* _Data excerpt_:
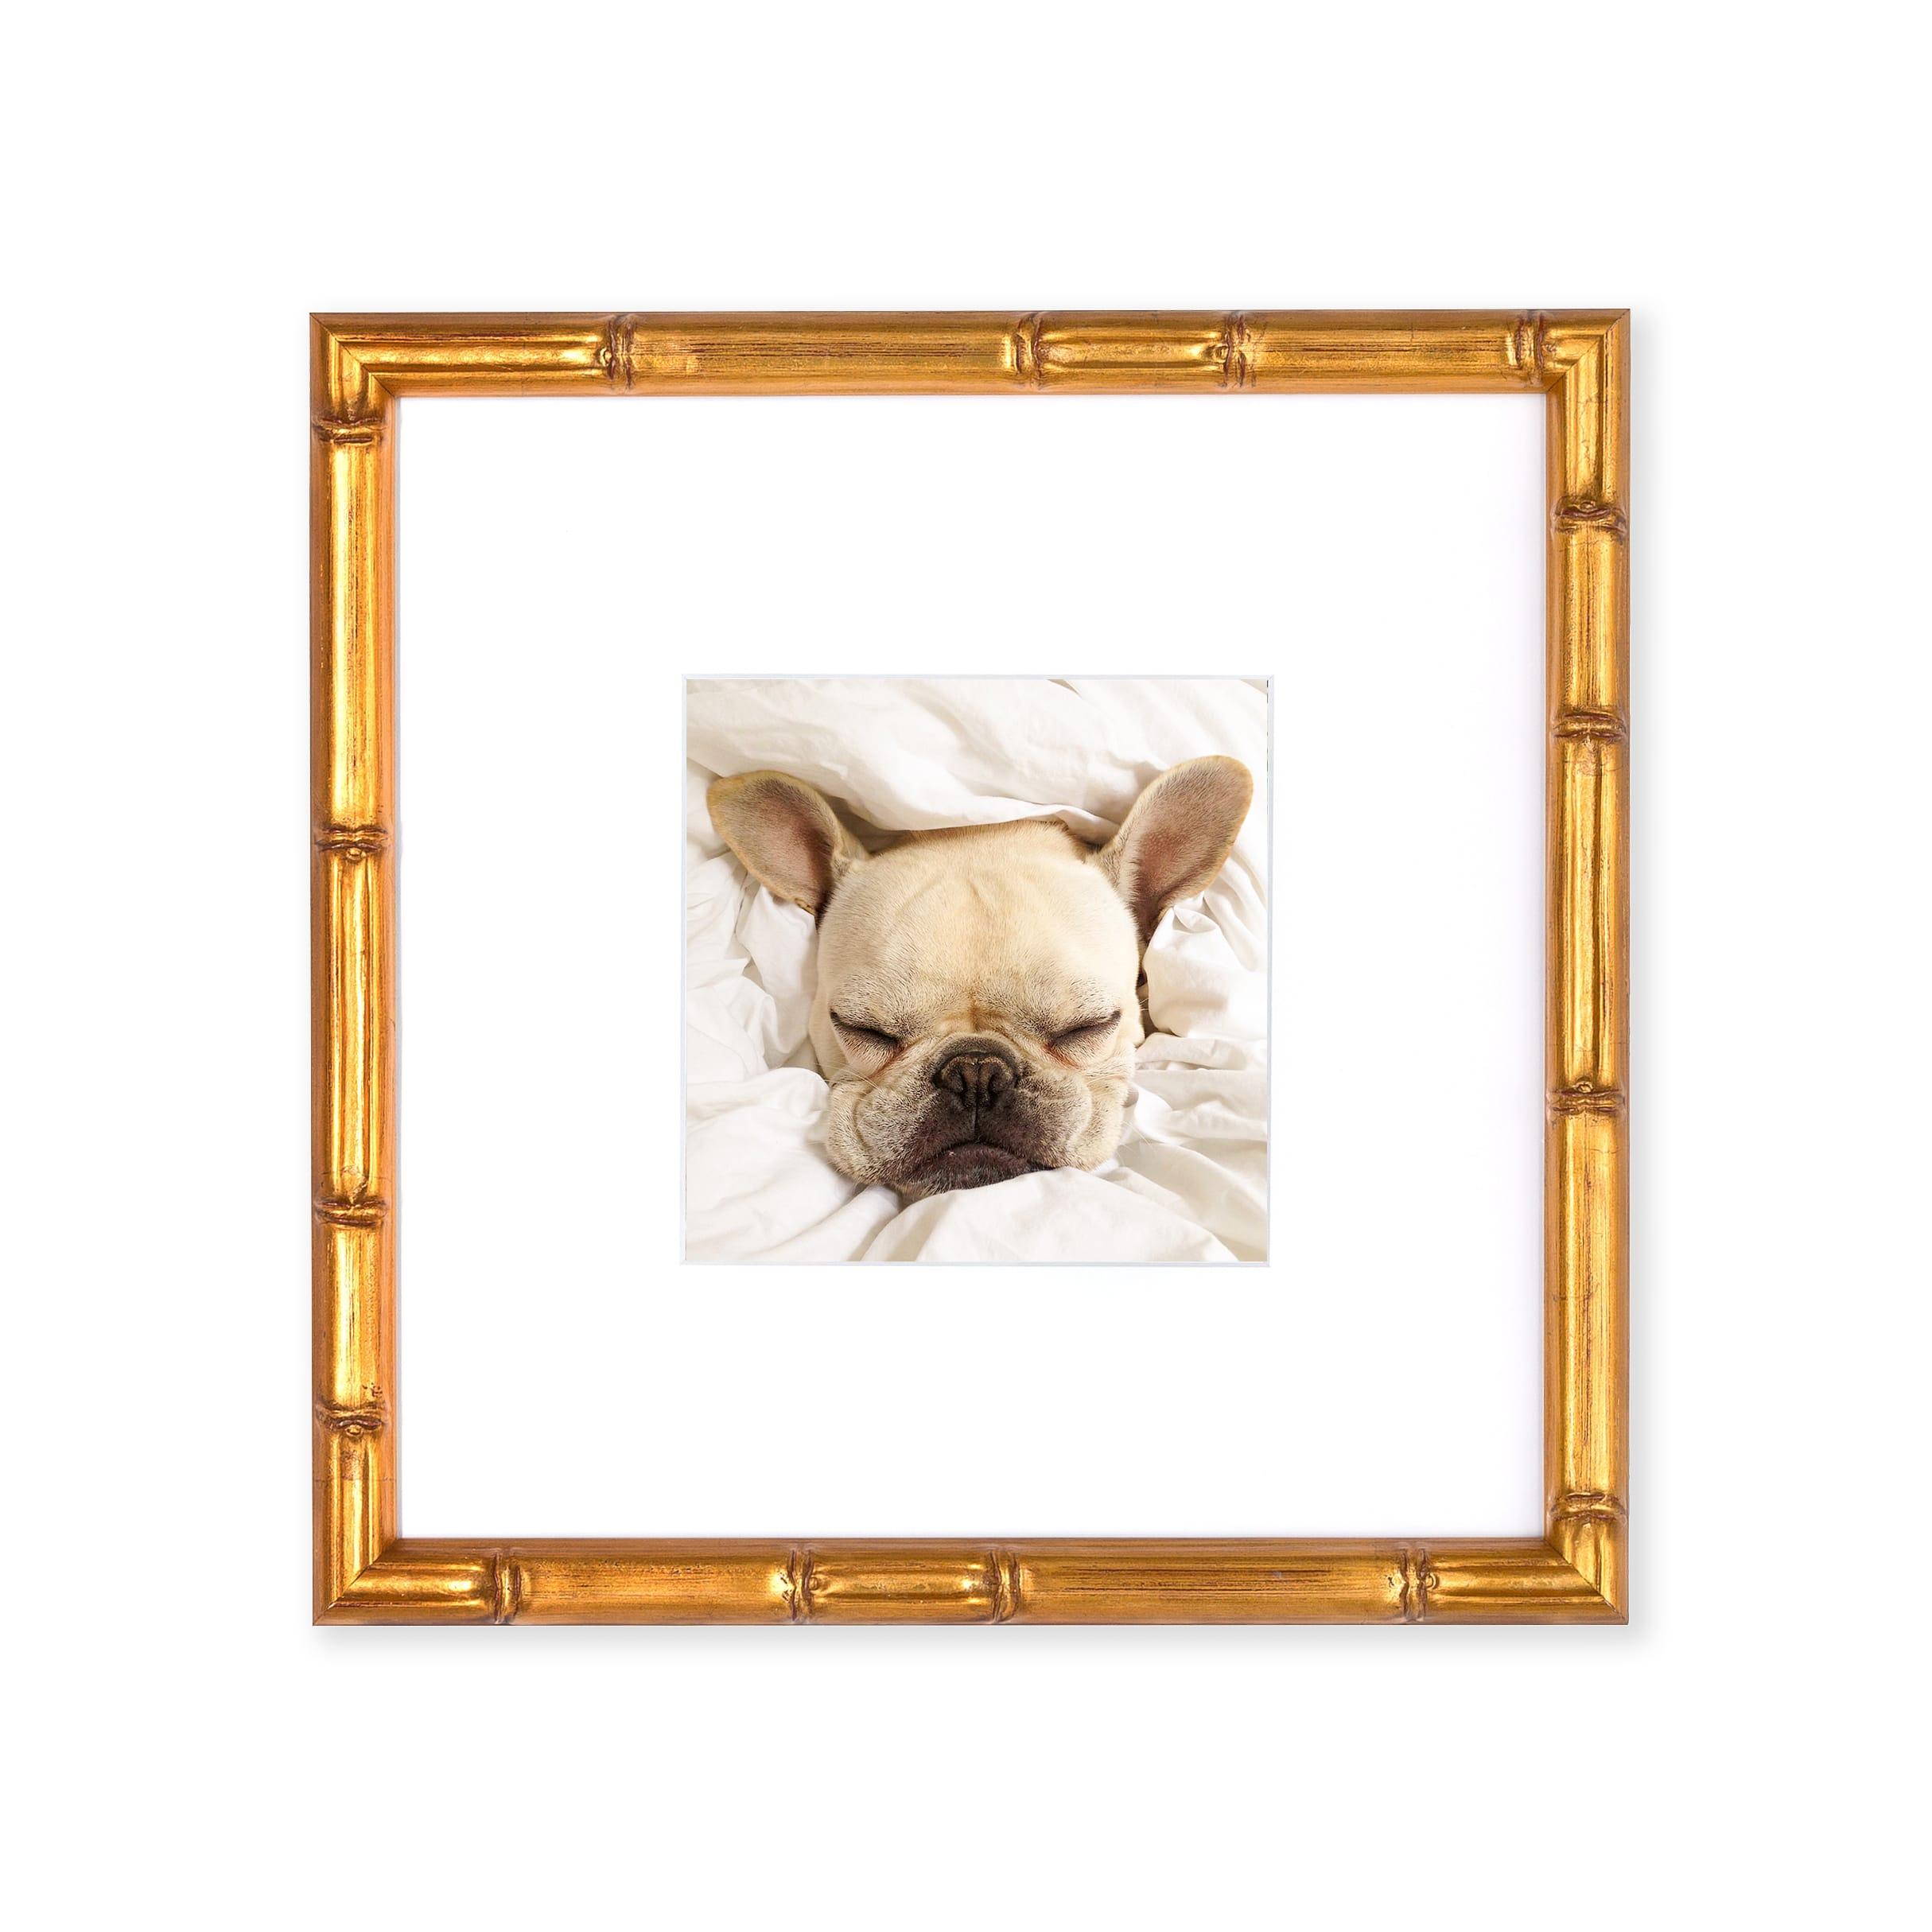 Print & Frame Instagram Photos for $39 each | Framebridge
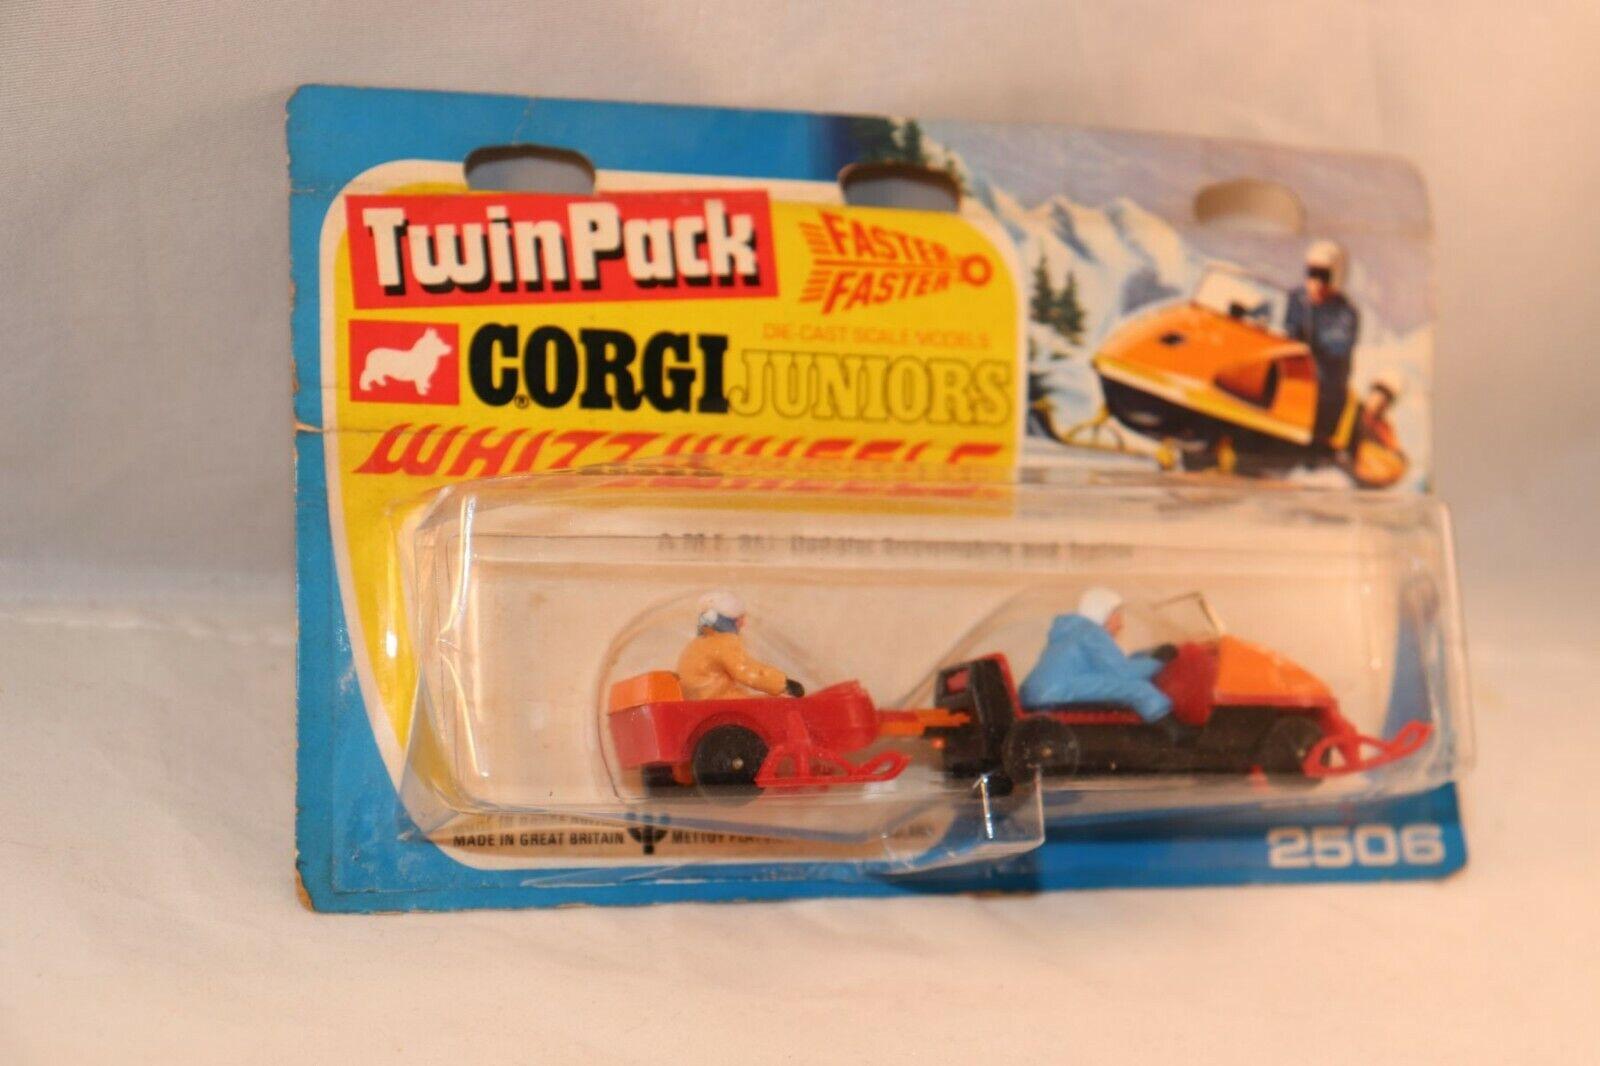 Corgi leksaker Juniors 2506 A.M.F. Ski -Daddler Snowbilene och tjärnväger mint på kort
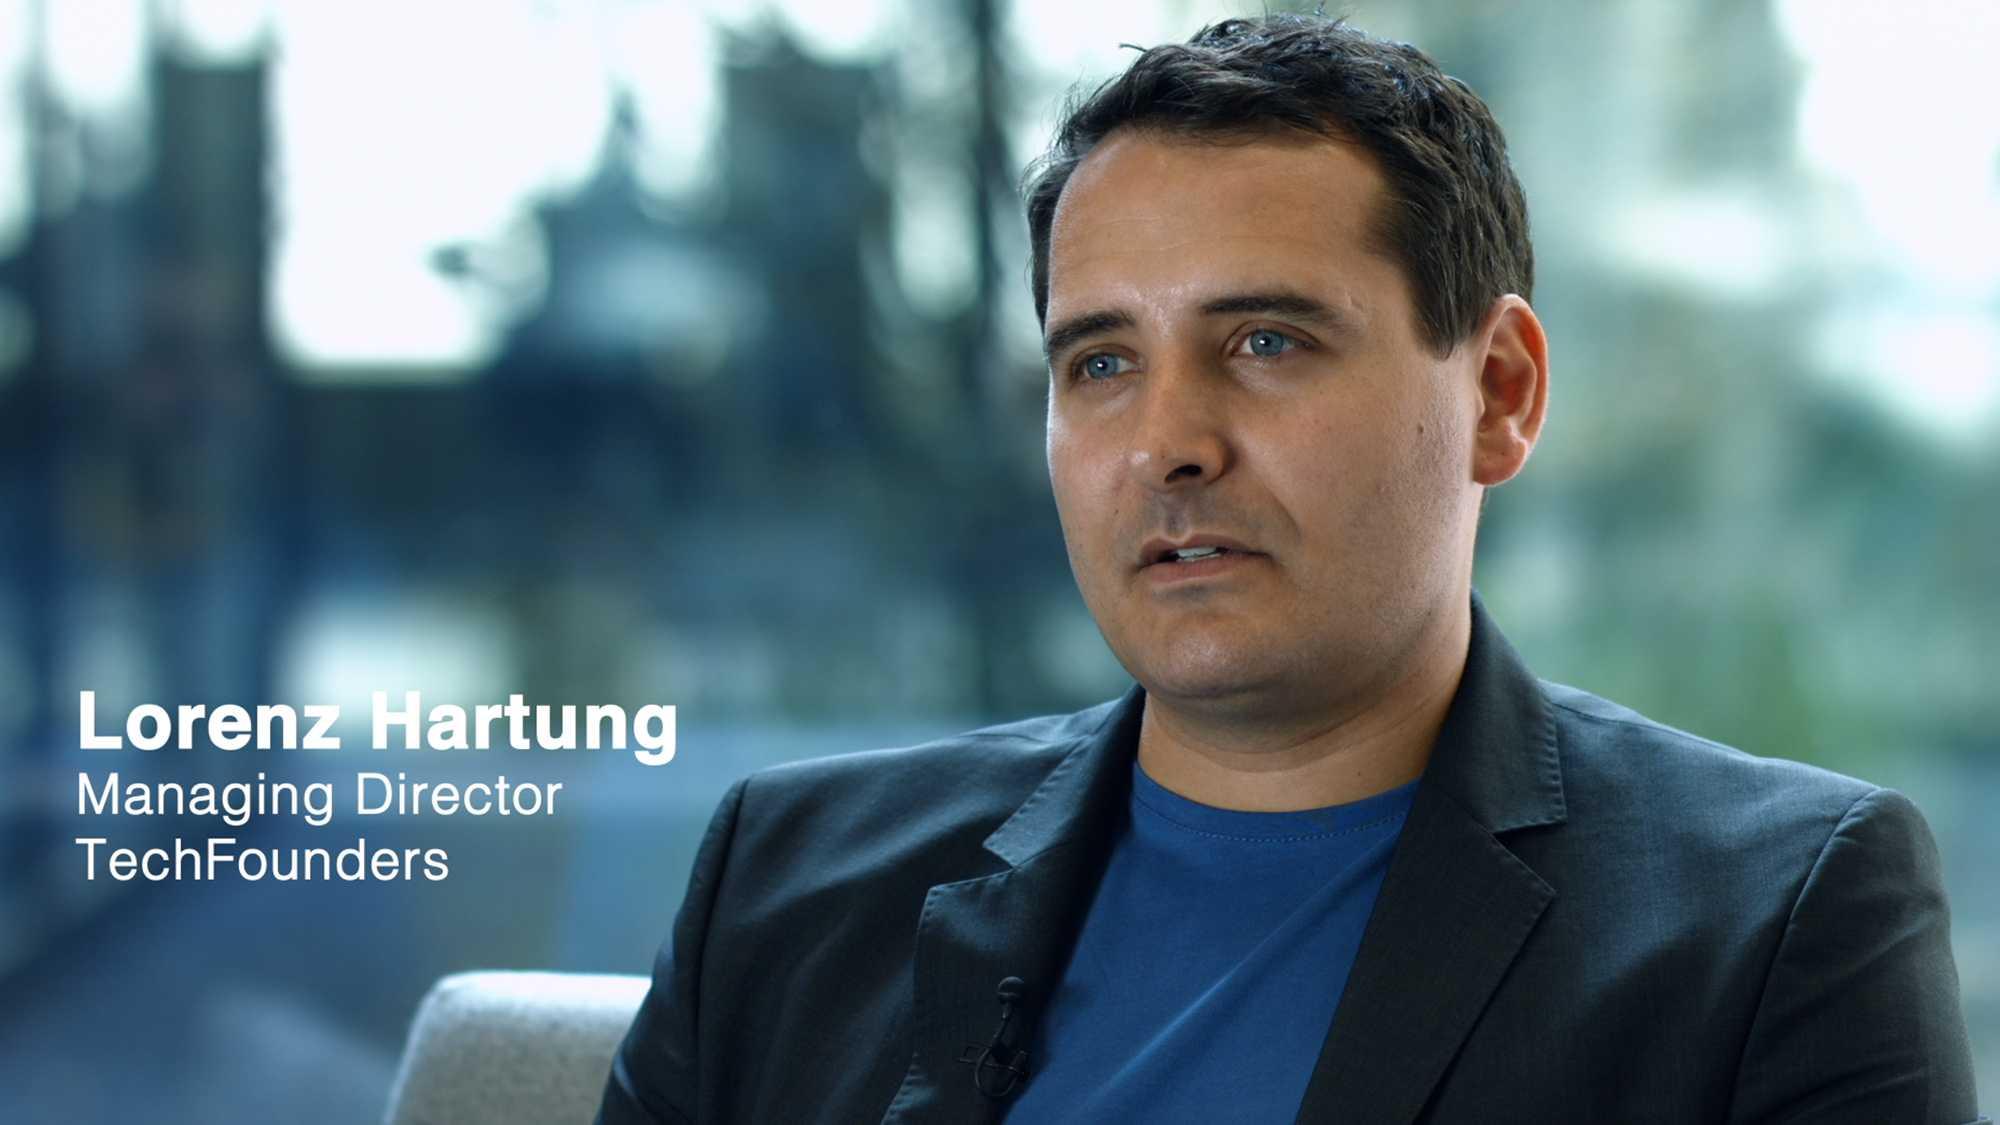 Das Bild zeigt einen Mann, der ein schwarzes Sakko trägt. Darunter trägt er ein blaues T-Shirt. Neben ihm ist sein Name und seine Position ins Bild getracked worden, er heißt Lorenz Hartung und ist Managing Director of TechFounders. Das Bild dient als Sliderbild für den Portfolioeintrag UnternehmerTUM – Techfounders von Panda Pictures.

* _Prompt_: Could the data be reproduced exactly, with the pictures omitted?

* _Answer space_:
 Print & Frame Instagram Photos for $39 each | Framebridge
 Corgi leksaker Juniors 2506 A.M.F. Ski -Daddler Snowbilene och tjärnväger mint på kort
 Das Bild zeigt einen Mann, der ein schwarzes Sakko trägt. Darunter trägt er ein blaues T-Shirt. Neben ihm ist sein Name und seine Position ins Bild getracked worden, er heißt Lorenz Hartung und ist Managing Director of TechFounders. Das Bild dient als Sliderbild für den Portfolioeintrag UnternehmerTUM – Techfounders von Panda Pictures.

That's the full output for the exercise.